Figure 7. Comparison between (A) T2IR-SPACE and (B) DANTE prepared T2w-SPACE in a 62-year-old subject. (C) T1w-SPACE was scanned as a reference standard. The yellow arrows indicate the wall thickening which is visualized in T2IR-SPACE and T1w-SPACE. The red arrowheads indicate the heterogeneous CSF signal caused by the DANTE module.

FIGURE 8
www.frontiersin.org

Figure 8. Representative images of T2w-SPACE with AntiDrive from a healthy subject. The CSF is not well suppressed and the intracranial vessel wall is not visible.

Discussion

T2IR-SPACE achieved high spatial resolution, large spatial coverage and, more importantly, remarkable CSF suppression and enhanced WM-CSF CNR. As shown in our preliminary results, T2IR-SPACE greatly improves the ability of conventional T2w-SPACE to differentiate vessel walls from CSF and is a potential alternative to T2w-SPACE for assessing intracranial vascular diseases.

The subjective assessment results showed that T2IR-SPACE had better intracranial wall visualization than the other two sequences in all vessel wall segments (Table 2). The subjective mean scores of T2IR-SPACE were significantly higher than those of FLAIR-SPACE in all segments. This is because the IR pulse significantly reduced the SNR of the overall image and most parts of the intracranial vessel wall were missing in FLAIR-SPACE images, as demonstrated in both volunteer subjects and patient subjects (Figures 3, 4). Moreover, the radiologist scores of T2IR-SPACE were significantly higher than those of T2w-SPACE in the MCA and BA segments. This is because in the two regions, and the CSF signal in T2-weighted images was high, the outer boundary of the intracranial vessel wall was difficult to differentiate from the surrounding CSF (Figures 36), interfering with the accurate diagnosis by the radiologist. In the ICA segment, the radiologist score of T2IR-SPACE showed little improvement without statistical significance compared with T2w-SPACE because the intracranial vessel wall at the ICA region was not surrounded by the CSF fluid, so the high CSF signal would not influence the vessel wall visualization. Our proposed T2IR-SPACE technique compensates for the imperfection of the above two existing approaches. It suppresses the CSF signal without much signal loss of other tissues, and the vessel wall can be clearly visualized at all segments of intracranial arteries in T2IR-SPACE images (Figures 36).

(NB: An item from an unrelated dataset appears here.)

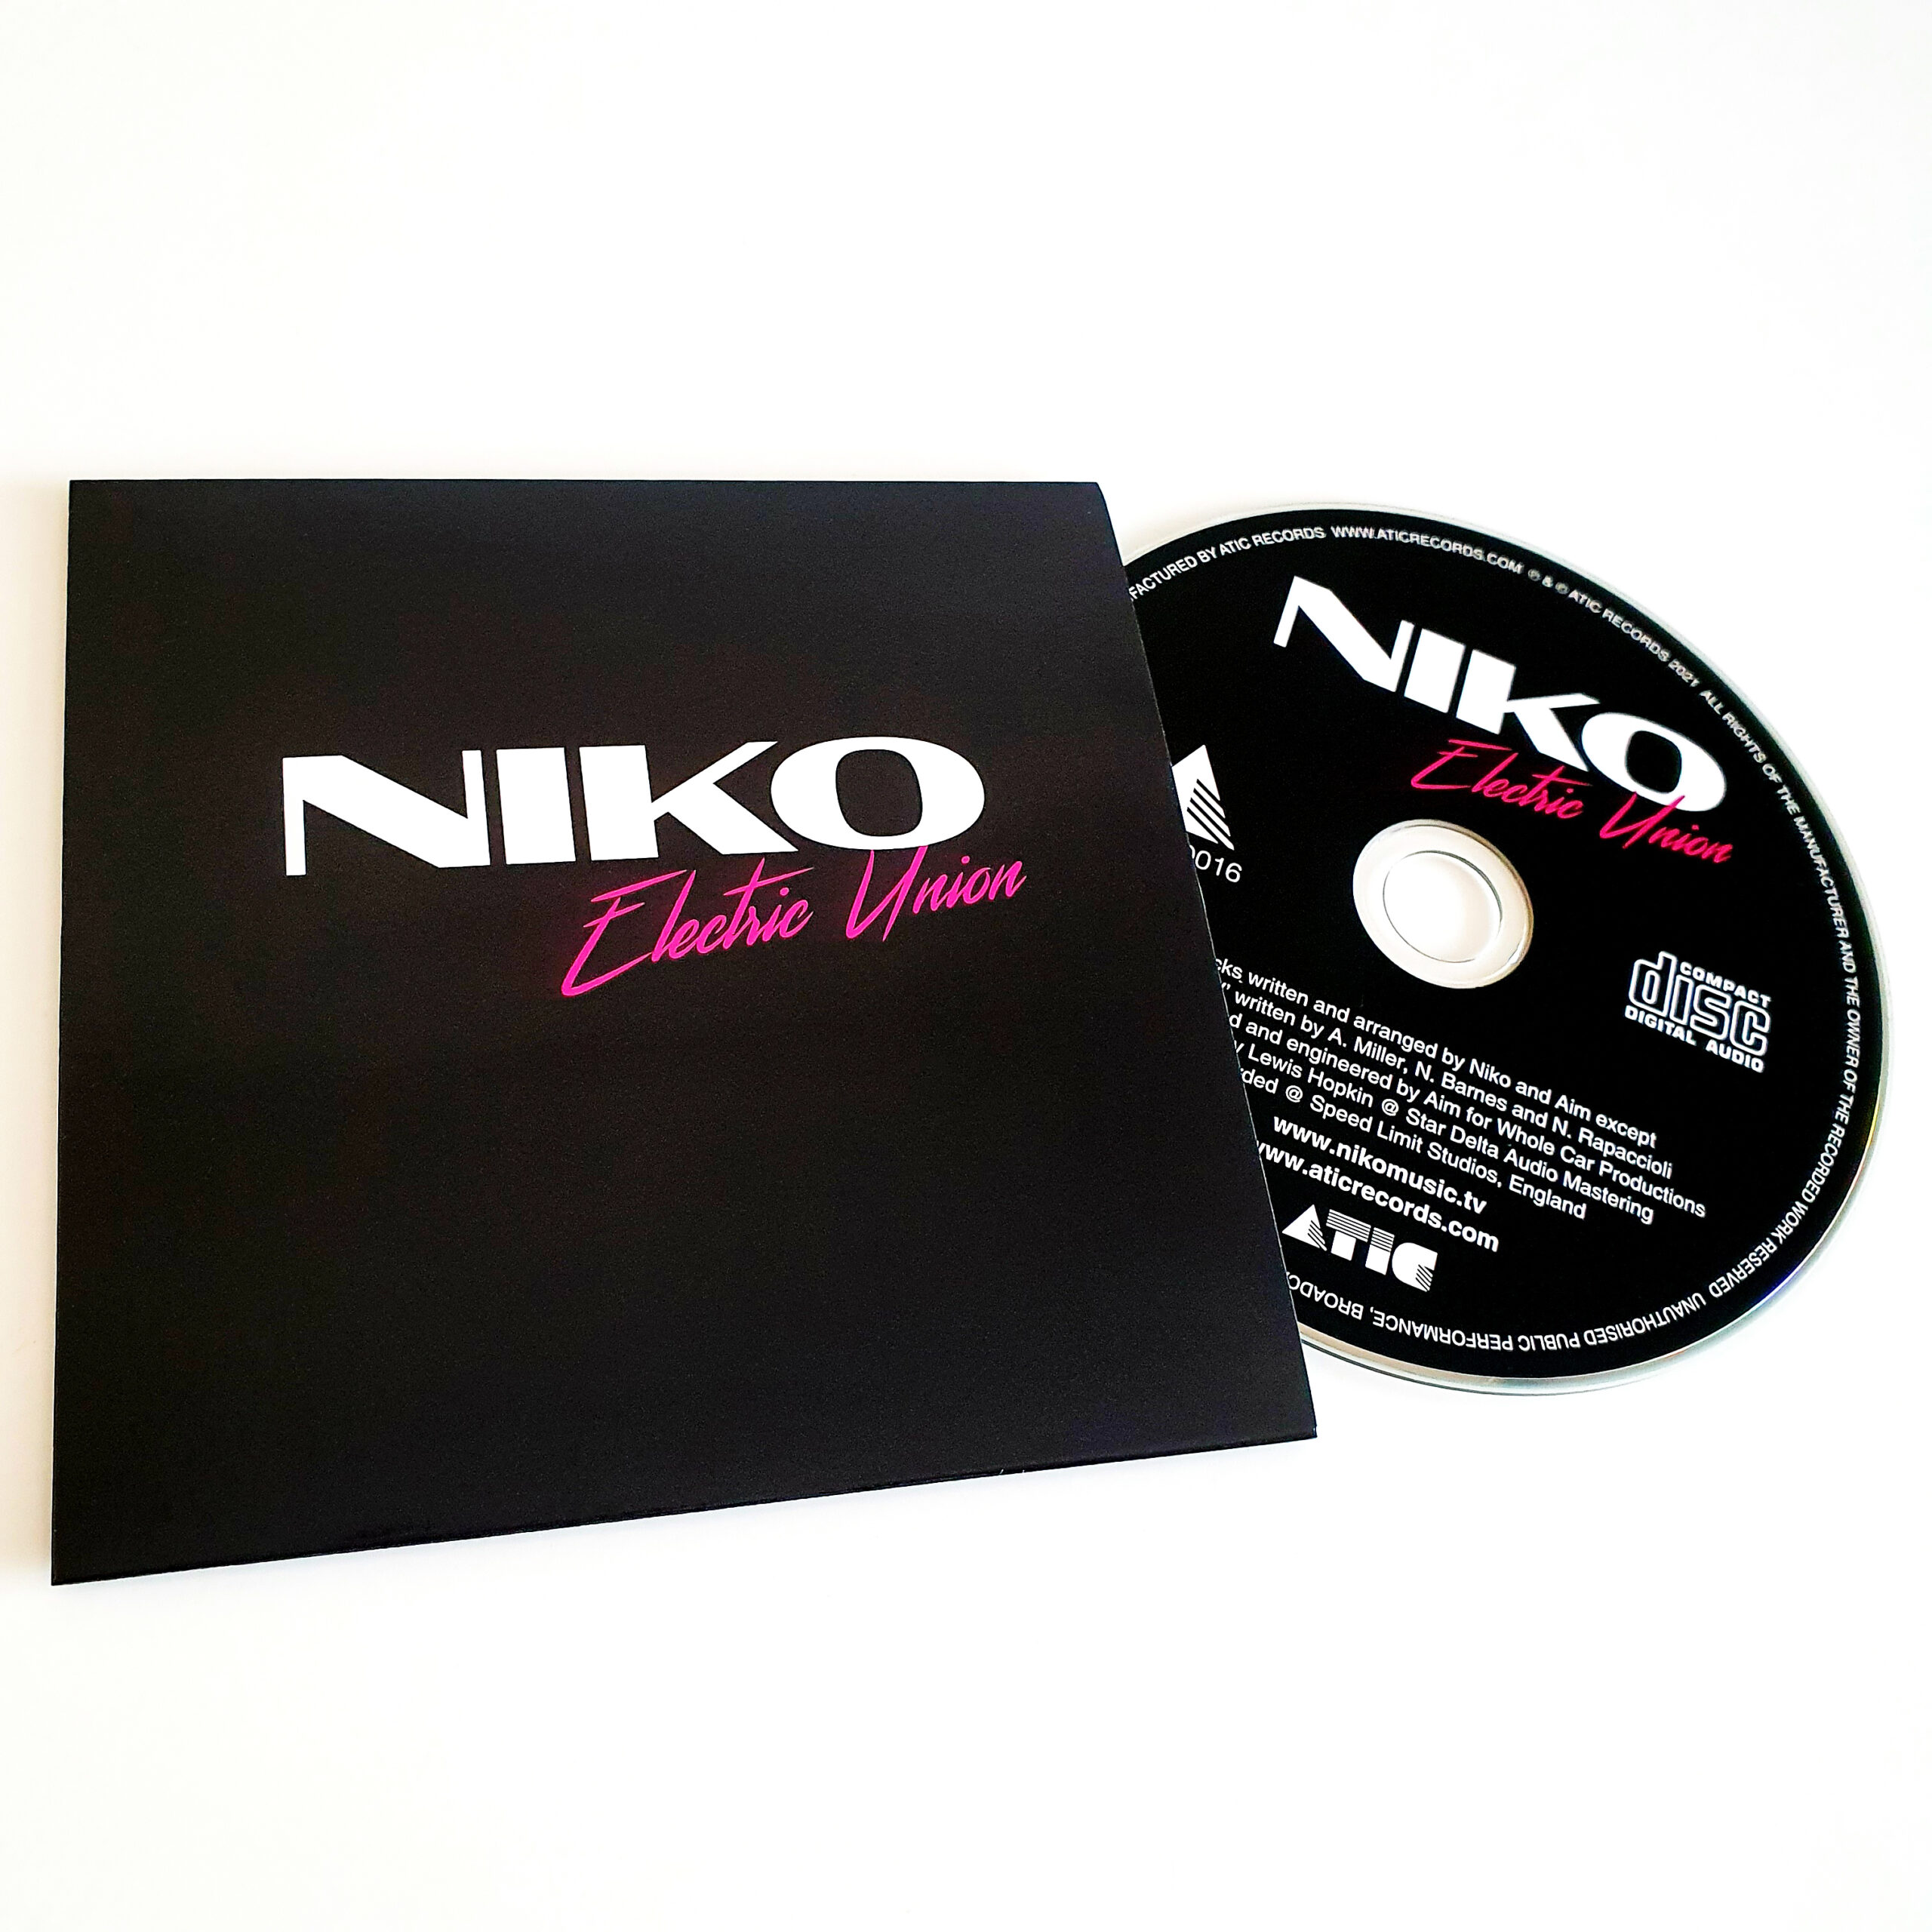 Niko – Electric Union | ATIC Records

Previous studies have demonstrated that patients with symptomatic MCA stenosis have larger wall area, plaque area and remodeling index than asymptomatic patients (Xu et al., 2010; Zhang D.F. et al., 2017; Zhao et al., 2016). A hyperintensity band adjacent to the lumen was often observed on T2-weighted images, which was assumed to represent the fibrous cap (Xu et al., 2010; Mossa-Basha et al., 2015). In these studies, the MCA-CSF interface was used to manually trace the vessel area. The high CSF signal in T2-weighted MRI images makes it difficult to distinguish the outer boundary of the intracranial vessel wall and results in inaccurate measurements of wall area and plaque area. T2IR-SPACE suppresses CSF uniformly in whole-brain coverage and allows clear visualization of the interface between the MCA and CSF, which helps to characterize the features of intracranial plaques more accurately and stratify stroke risk in patients with atherosclerotic disease.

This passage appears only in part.